El Rulo sacude la cabeza, enfila para el baño y entra. Suena el teléfono. Es su hija. Le golpeo la puerta para avisarle y él tarda bastante en contestarme. Me dice que le pase el celular por la puerta entreabierta y si le puedo alcanzar el frasquito de alcohol en gel que está sobre el mostrador. Cuando vuelvo con el alcohol y abro la puerta, escucho que están discutiendo. Él le dice a su hija que se calme, que lo hablarían más tarde. Cierra de golpe y casi me saca una mano. Lo noto nervioso cuando sale. Se acomoda al costado de la caja y se queda en silencio, mirando embobado la pelea de fondo en la tele que está colgada en la pared. Espero un poco y le pido que se haga cargo del salón un momento. El Rulo ni me contesta.
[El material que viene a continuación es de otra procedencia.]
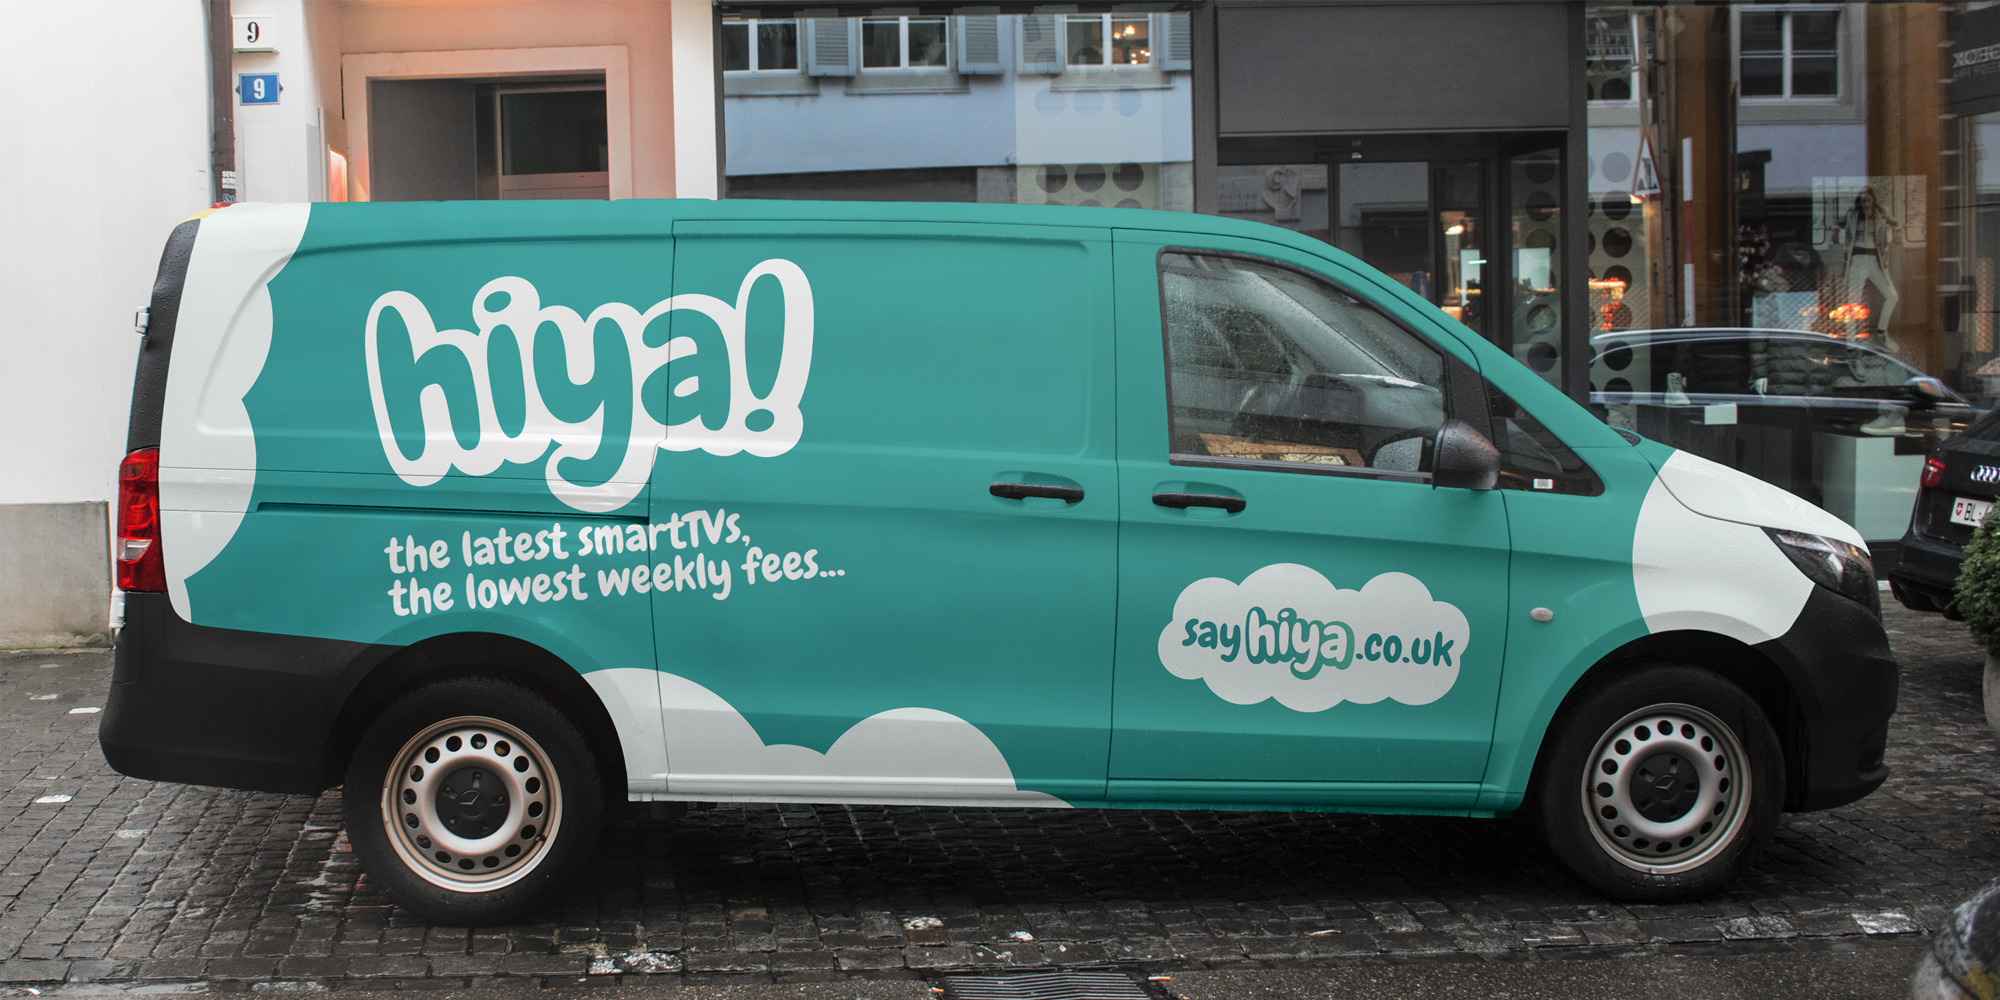 Hiya logo and branding on a van

Entonces entro al baño, prendo la luz y trabo la puerta con el pasador. Todo está en silencio de este lado. Sólo oigo una seguidilla de gotas intermitentes que escapan de la canilla y rebotan en el lavatorio. El baño es un chiquero, lo normal para esta hora del día. Empiezo a buscar, pero no encuentro nada. El espejo está todo sucio. Sigo buscando. Alguien pegó mocos en un azulejo sobre el mingitorio de la derecha. Maldigo al roñoso y sigo. También se olvidaron de apretar el botón y taparon el inodoro con papel higiénico, como siempre. Pienso que el cobarde no debe haber venido todavía. Tiene tiempo; al jueves aún le quedan dos horas. Alguien golpea a la puerta. Le grito que está ocupado y no insiste.

Justo enfrente de mí está ahora el dispensador de condones. Me detengo a observarlo. Noto un manchón negro en uno de sus lados, como de tinta borroneada. Del otro lado leo “Damián y Jessica” dentro de un corazón. Ahora miro el tacho de basura junto al lavatorio y veo, tirado, el frasco de alcohol que me había pedido el Rulo. Está vacío. Sobre la tapa del tacho hay un bollo de papel higiénico, teñido de negro.

Salgo del baño con el frasco en la mano, me acerco al Rulo y lo apoyo sobre una mesa vacía. El Rulo se da cuenta, pero mira para otro lado y se acerca a cobrarle el café a los tortolitos de la barra.  Sí, el jueves que viene lo volverán a escribir en algún rincón del baño. El Rulo no lo va a poder limpiar y yo no voy a estar para borrarlo. Presiento que alguien se dará cuenta y empezará a hacer preguntas.